Where types are concerned, the analyzer does not need to distinguish between the various normal integer types (byte, short, char) since, as we discuss in
See Java Bytecode
, they all have the same internal representation.
The first stage is the initialization of the data flow analyzer:
-
Each instruction is marked as unvisited. That is, the data flow analyzer has not yet examined that instruction.
-
For the first instruction, the stack is marked as empty and the local variables corresponding to the method's arguments are initialized with the appropriate types.
-
All other local variables declared as used by the method are marked as containing illegal values.
-
The "changed" bit of the first instruction is set, indicating that the analyzer should examine this instruction.
Finally, the data flow analyzer runs, looping through the following steps:
Find a virtual machine instruction whose "changed" bit is set.
-
If no instruction remains whose "changed" bit is set, the method has successfully been verified; otherwise turn off the changed bit of the instruction found and proceed to step 3.
-
Emulate the effect of this instruction on the stack and local variables:
-
If the instruction uses values from the stack, ensure that there are sufficient elements on the stack and that the element(s) on the top of the stack are of the appropriate type.
-
If the instruction pushes values onto the stack, ensure that there is sufficient room on the stack for the new element(s) and update the stack status to reflect the pushed values.
-
If the instruction reads a local variable, ensure that the specified variable contains a value of the appropriate type.
-
If the instruction writes a value to a local variable, change the type of that variable to reflect that change.
-
Determine the set of all possible instructions which could be executed next.
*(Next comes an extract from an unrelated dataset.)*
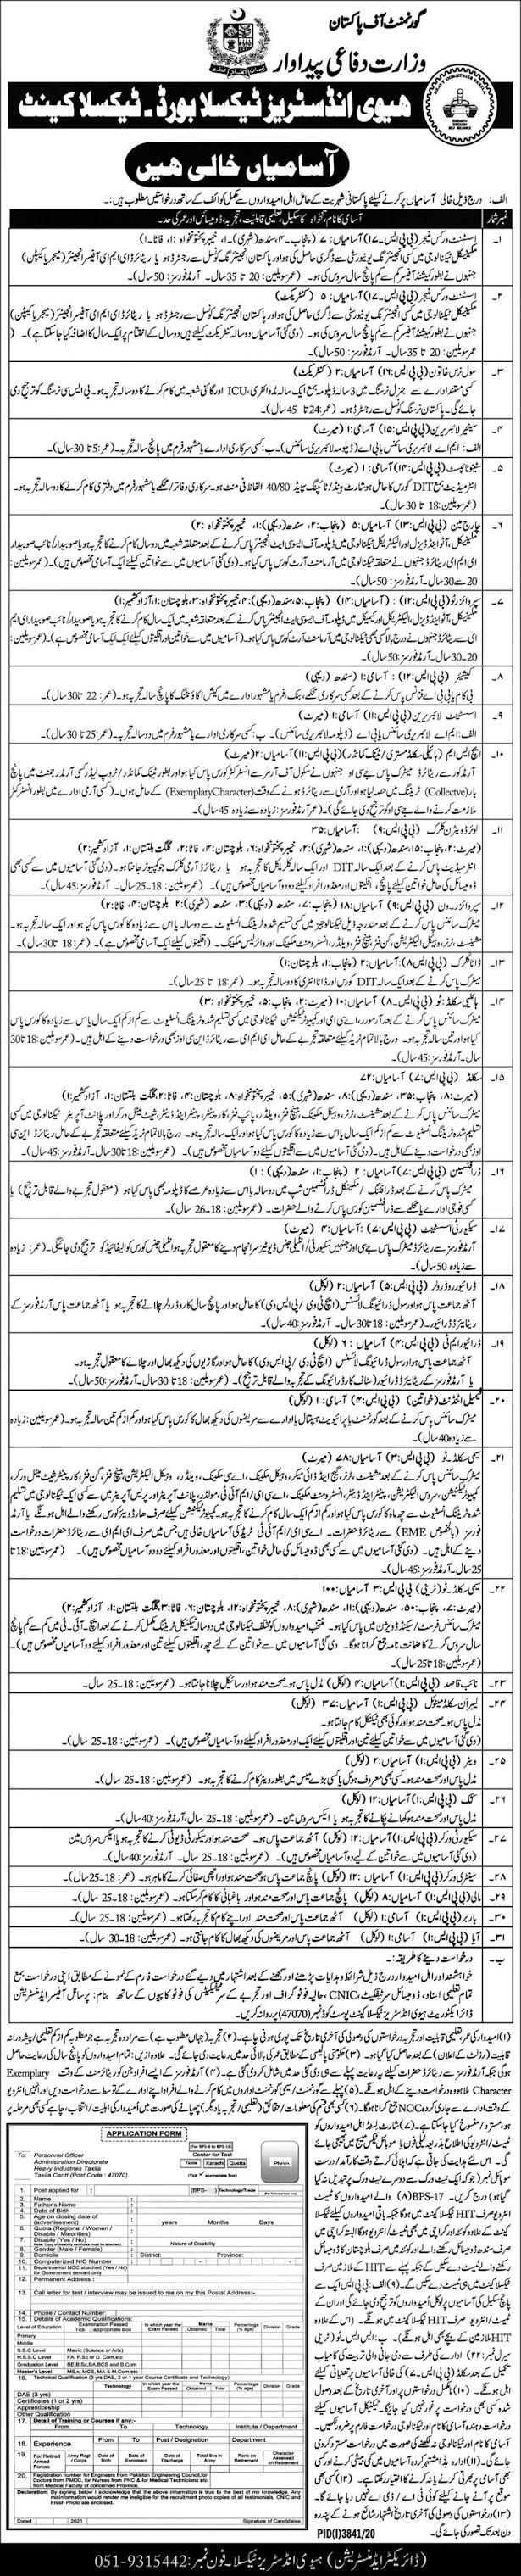 HIT in Pakistan - Jobs in heavy industry Taxila 2021 - Download Application HIT Jobs 2021 in Pakistan - Latest government jobs in 2021 in Pakistan

These are:
-
The next instruction in sequence if the current instruction isn't an unconditional goto, a return, or a throw.
-
The target instruction of a conditional or unconditional branch.
-
The first instruction of all exception handlers for this instruction.
-
For each of the possible following instructions, merge the stack and local variables as they exist after executing the current instruction with the state prior to executing the following instruction. In the exception-handler case, change the stack so that it contains a single object of the exception type indicated by the exception handler information. Merging proceeds as follows:
-
If the stacks are of different sizes then this is an error. Stop!
-
If the stacks contain exactly the same types, then they are already merged
-
If the stacks are identical other than having differently typed object references at corresponding places on the stacks then the merged stack will have this object reference replaced by an instance of the first common superclass or common superinterface of the two types. Such a reference type always exists because the type
Object
is a supertype of all class and interface types.
-
If this is the first time the successor instruction has been visited, set up the stack and local variable values using those calculated in Step 2 and set the "changed" bit for the successor instruction. If the instruction has been seen before, merge the stack and local variable values calculated in Step 2 and Step 3 into the values already there; set the "change" bit if there is any modification.
-
Go to Step 1.
If the data-flow analyzer runs on the method without reporting any failures, then the method has been successfully verified by Pass 3 of the class file verifier.